**WORK REQUEST**.
Pictures must not appear in the copy. Restate exactly the lines below from the one with "David Brewis of Rock Stars Guitars at" through the one with "5 Realistic Logo", inclusive.
(Beginning of DATA SUPPLIED)
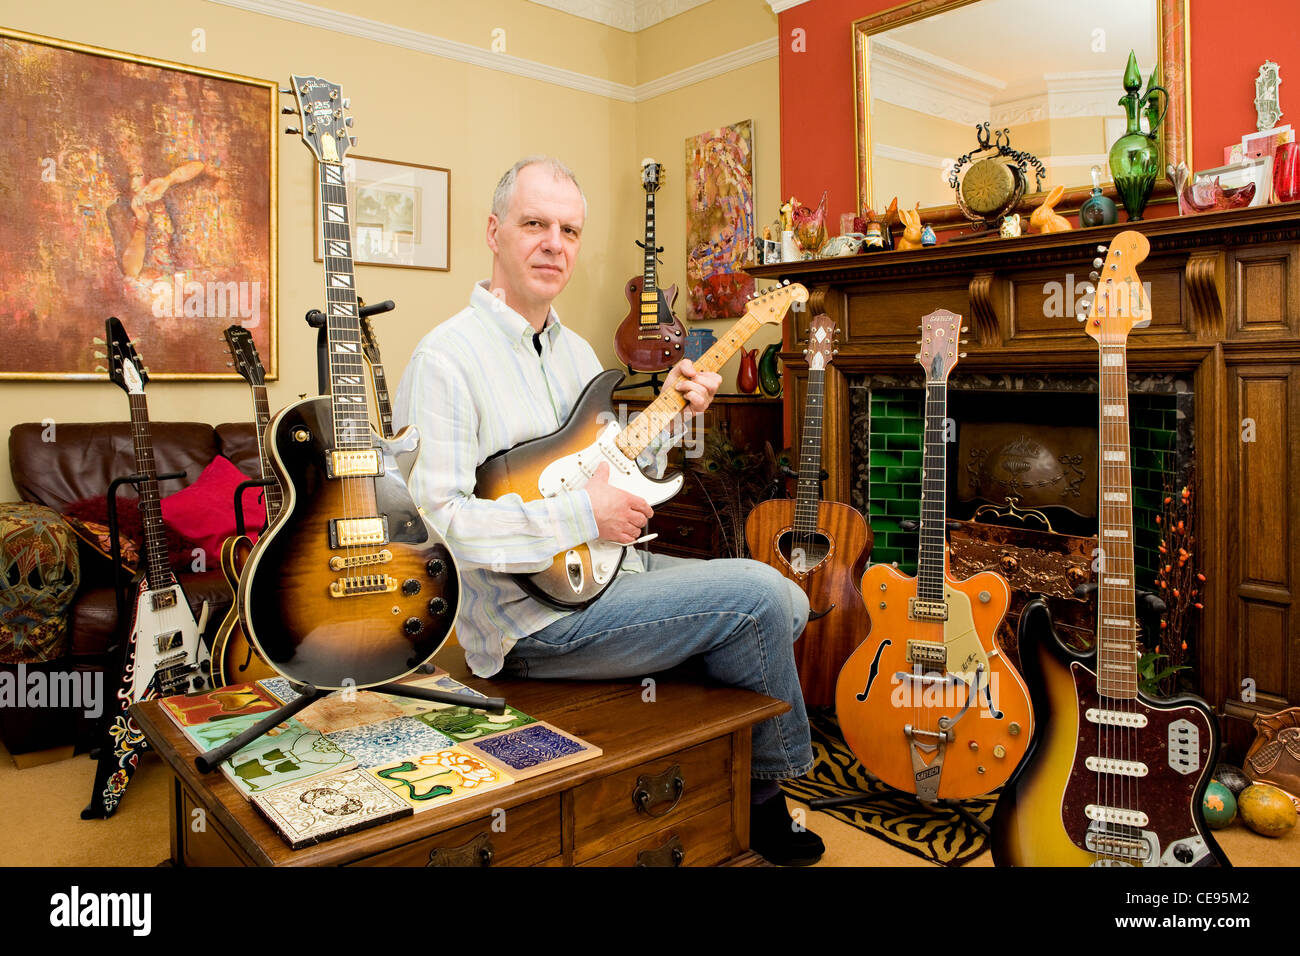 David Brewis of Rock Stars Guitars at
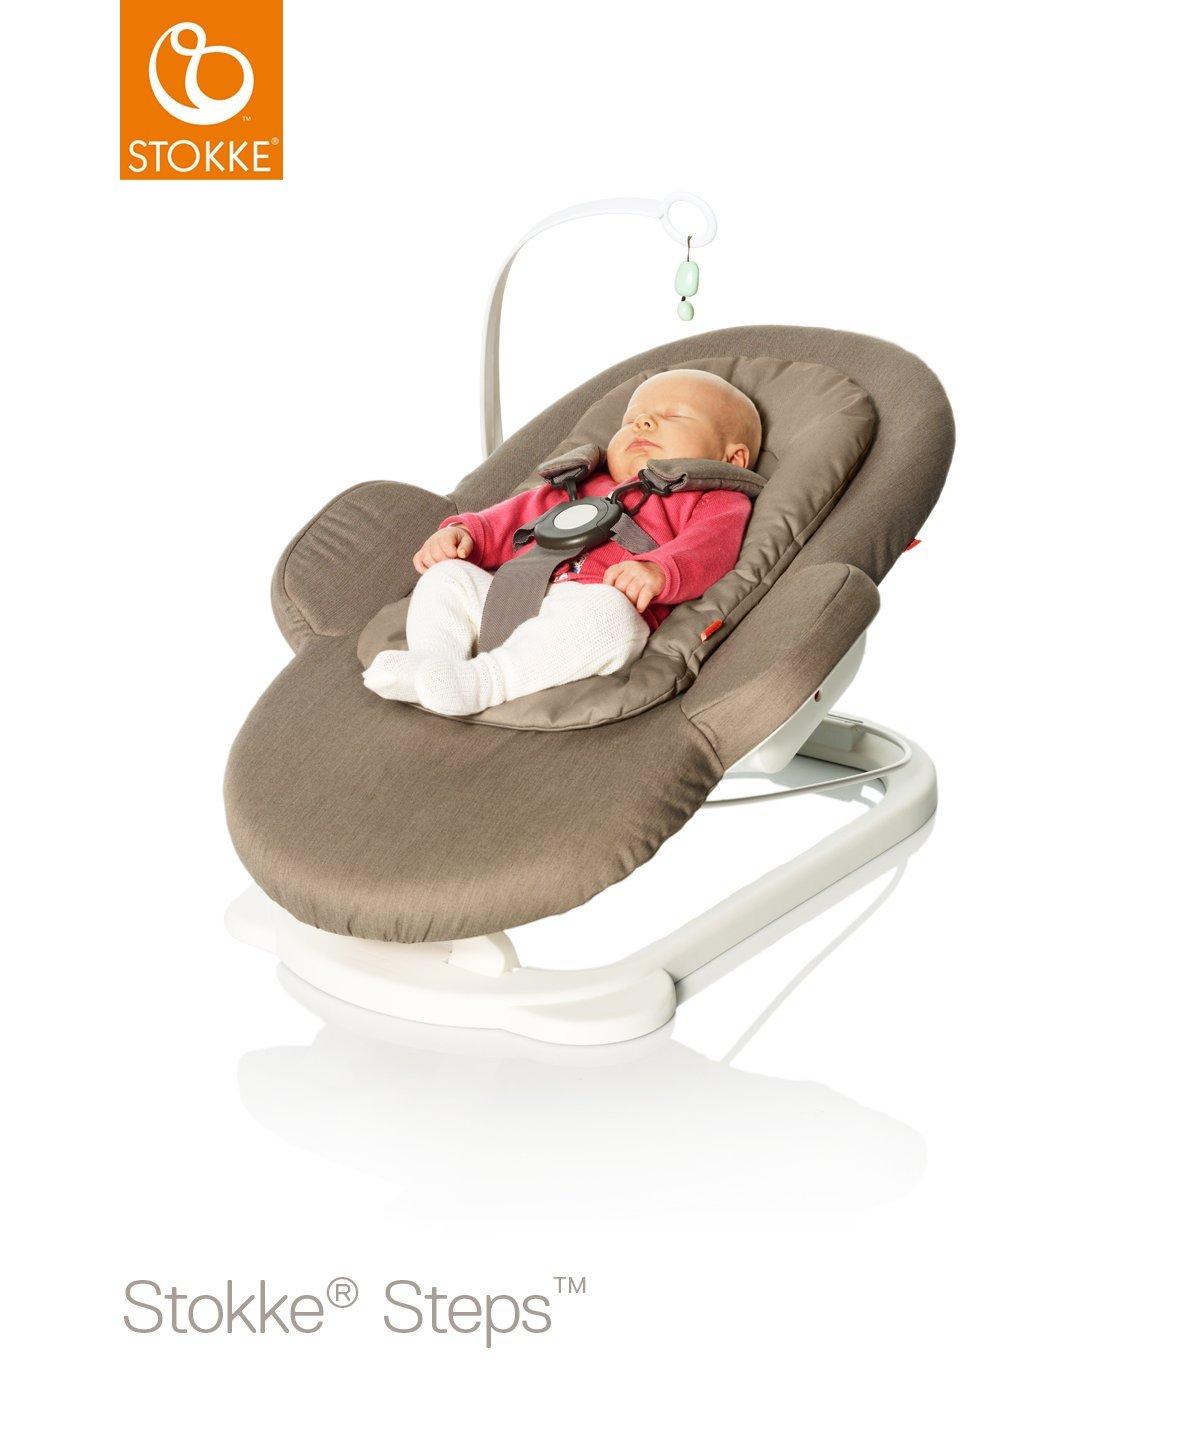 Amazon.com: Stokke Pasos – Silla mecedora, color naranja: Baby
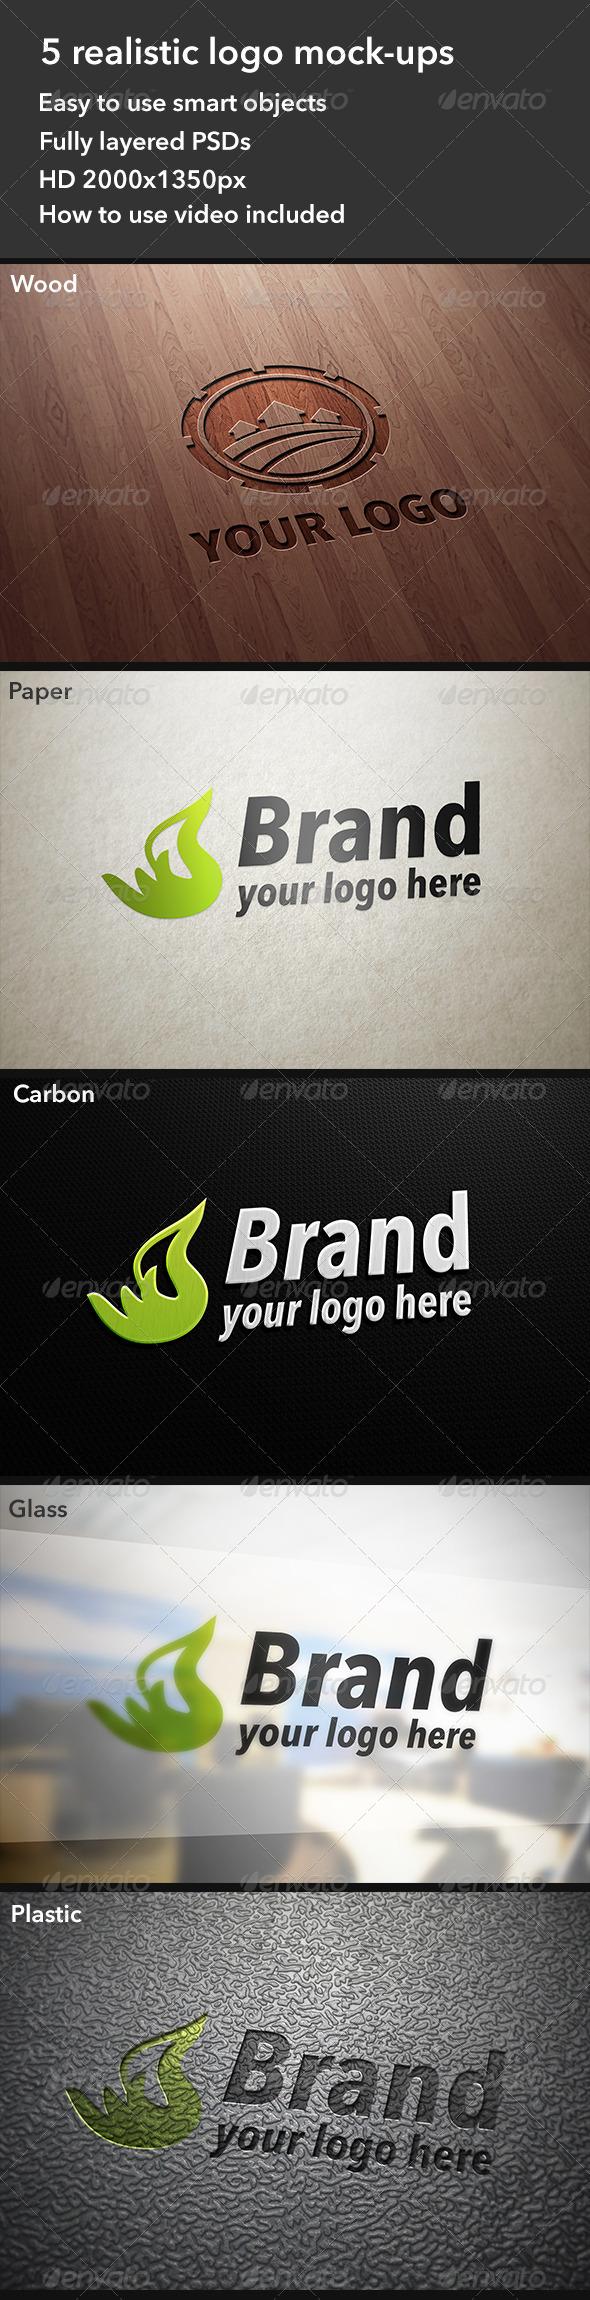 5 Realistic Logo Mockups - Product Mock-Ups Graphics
(End of DATA SUPPLIED)
(Beginning of DATA SUPPLIED)
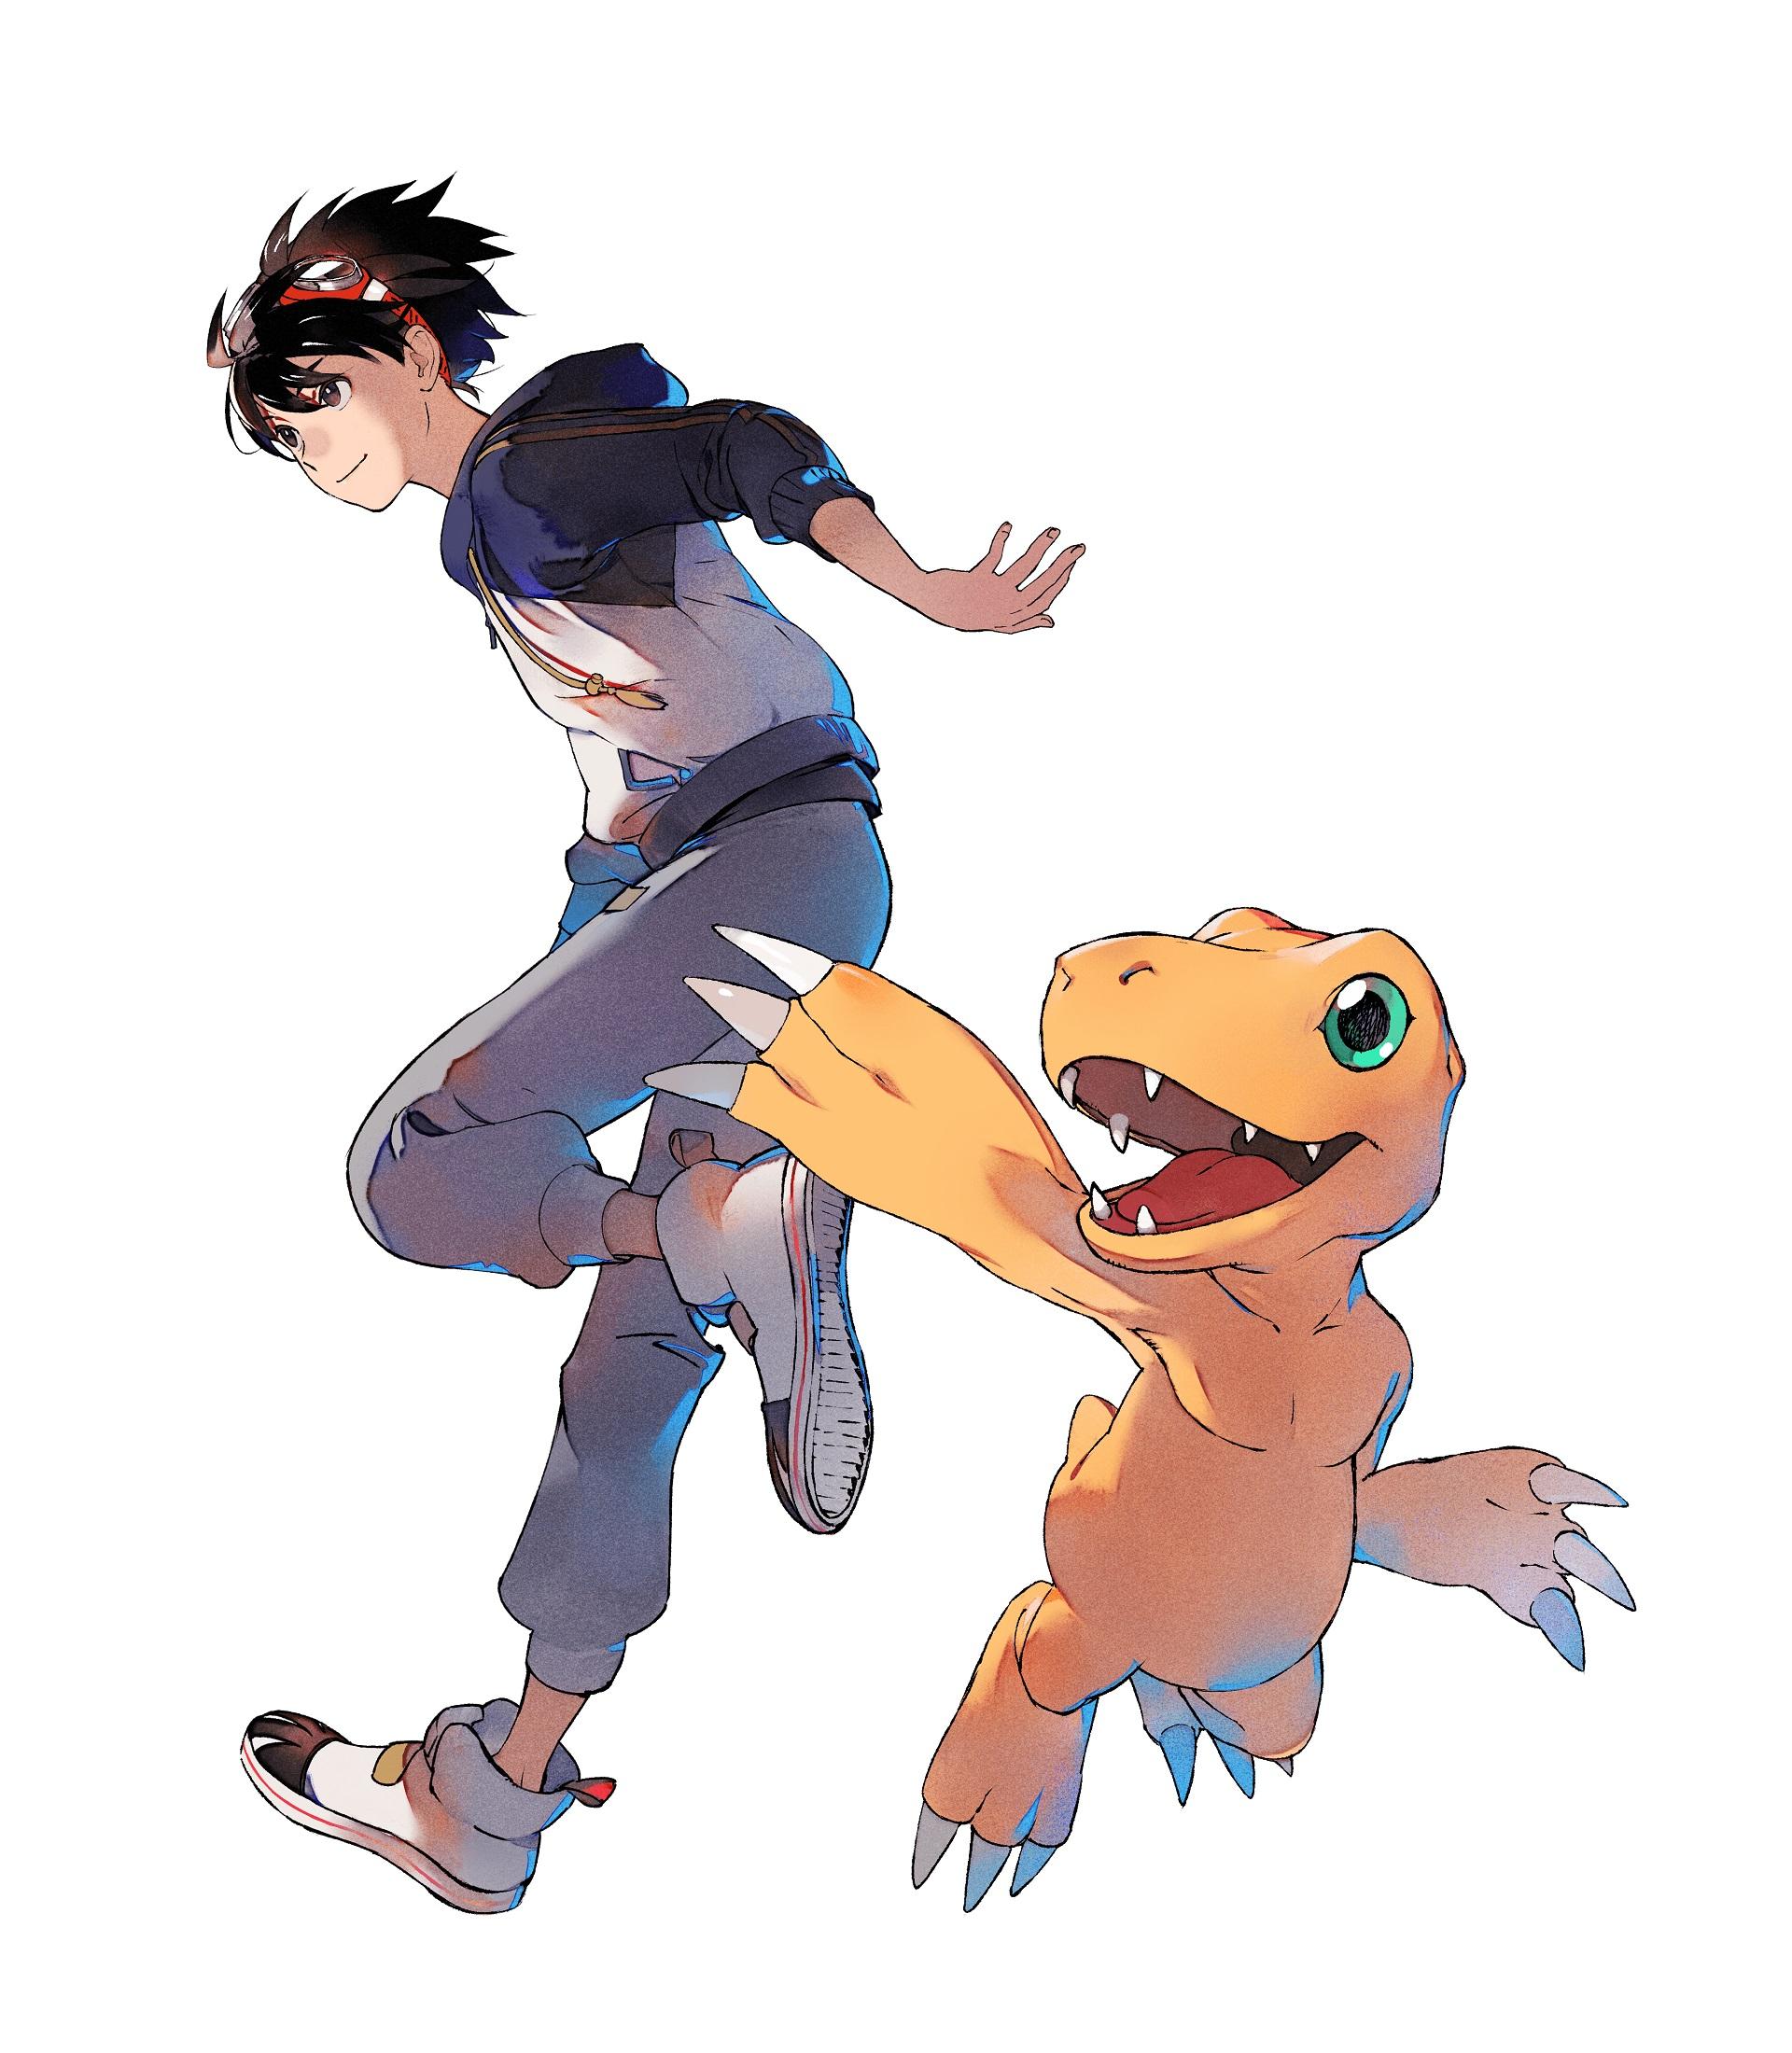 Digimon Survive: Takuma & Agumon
(End of DATA SUPPLIED)
**EXERCISE RESULT**.
 David Brewis of Rock Stars Guitars at
 Amazon.com: Stokke Pasos – Silla mecedora, color naranja: Baby
 5 Realistic Logo Mockups - Product Mock-Ups Graphics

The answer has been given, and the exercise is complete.